Denying that the civil war wasn’t about slavery is ahistorical and ignorant.

Without the issue of slavery there wouldn’t have been a war. That’s simply a fact. Nations don’t dissolve into civil war over issues of whether a tariff should be 19% or 26%.

As Sampiro says, the Southern economy depended on slavery. And while it’s true that a majority of southerners weren’t slaveholders, the ruling aristocracy were all slaveholders, and their personal fortunes depended on the plantation system.

And so the realization that the North and West now had the votes to resist expansion of slavery, to upset the delicate balance of introducing slave states and free states in equal numbers, was intolerable to the slave masters.
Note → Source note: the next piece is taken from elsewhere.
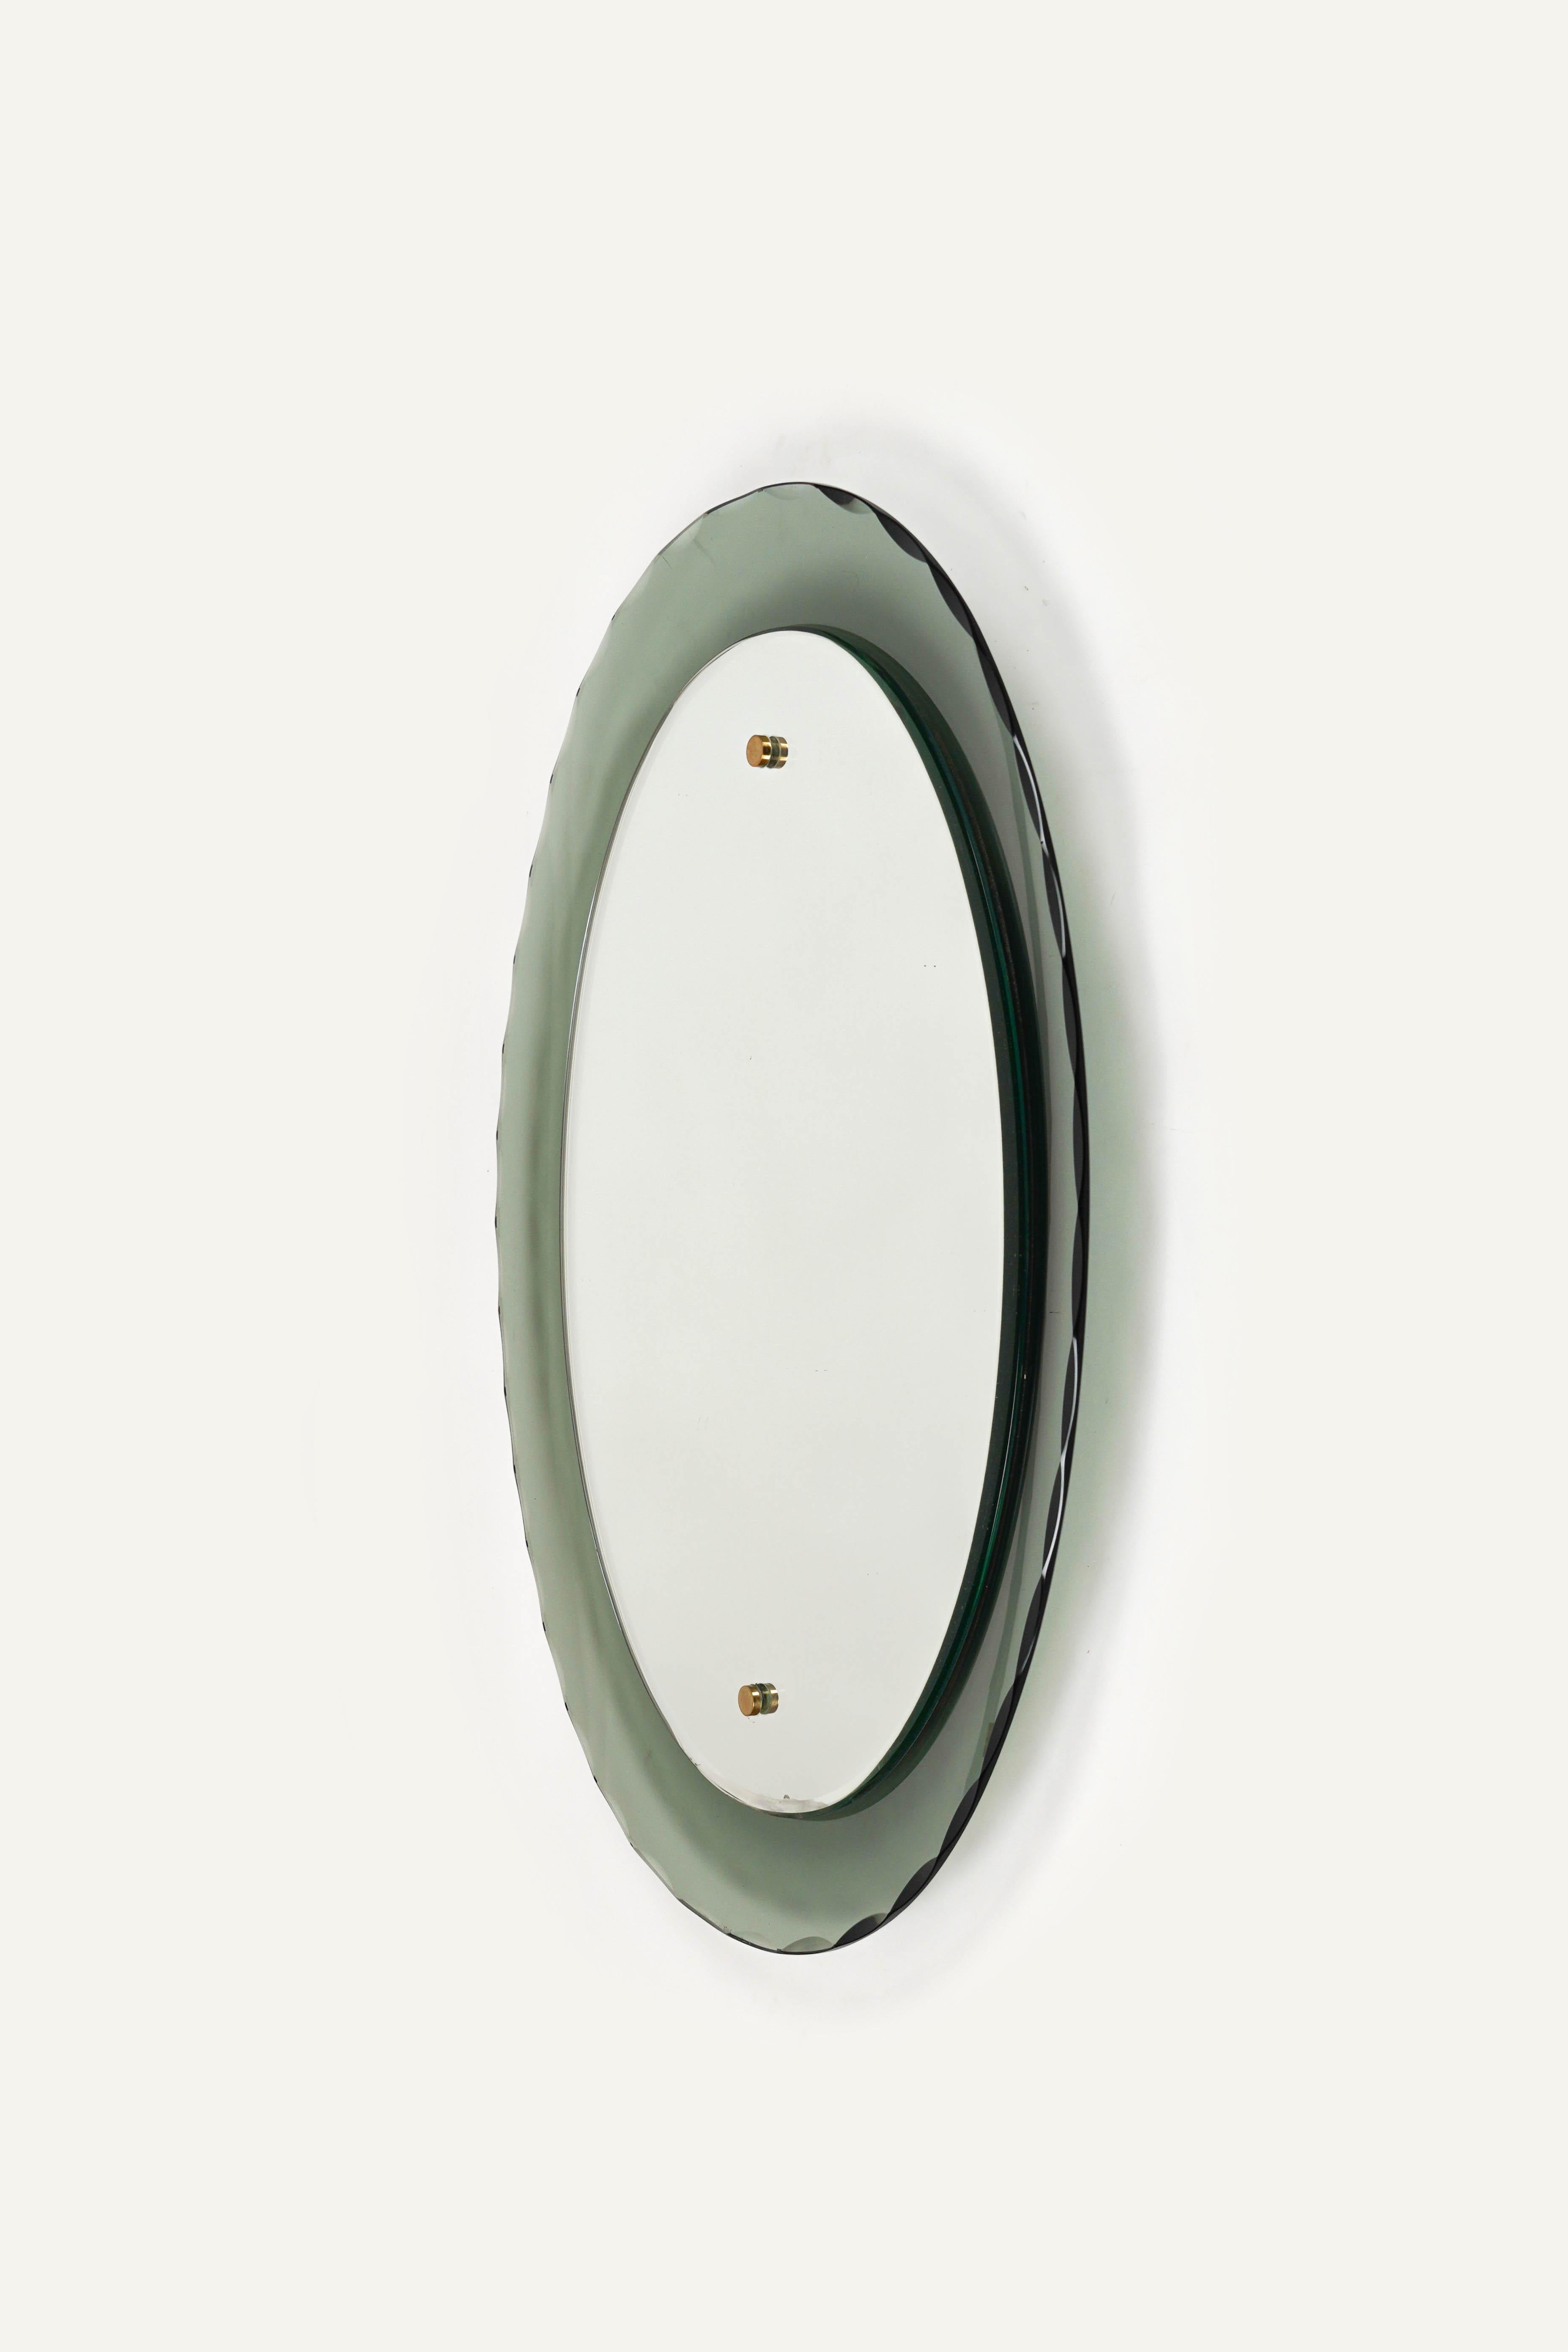 Midcentury Oval Wall Mirror whit Smoked Glass Frame by Cristal Arte, Italy 1960s For Sale 3

And so, secession. Which was entirely due to the fear of encroachment against slavery.

Again, the South fought to preserve slavery. That doesn’t mean southern soldiers fought to preserve slavery, or that the North fought to destroy slavery. But it is clear and incontrovertible and a simple matter of the historical record that the State Legislatures of the South voted to secede to preserve slavery, and the constitution of the Confederacy explicitly enshrined slavery forever.

Are you suggesting the North invaded Virginia, Tennessee, Louisiana and the border states before the Confederacy attacked federal forts?

Yeah, but the Cubs might (don’t laugh) someday win a Series and be Winners, thus validating the Cubs jerseys. The South rising again, though? That’s a little less likely than the Cubbies taking it all (now isn’t THAT saying something?)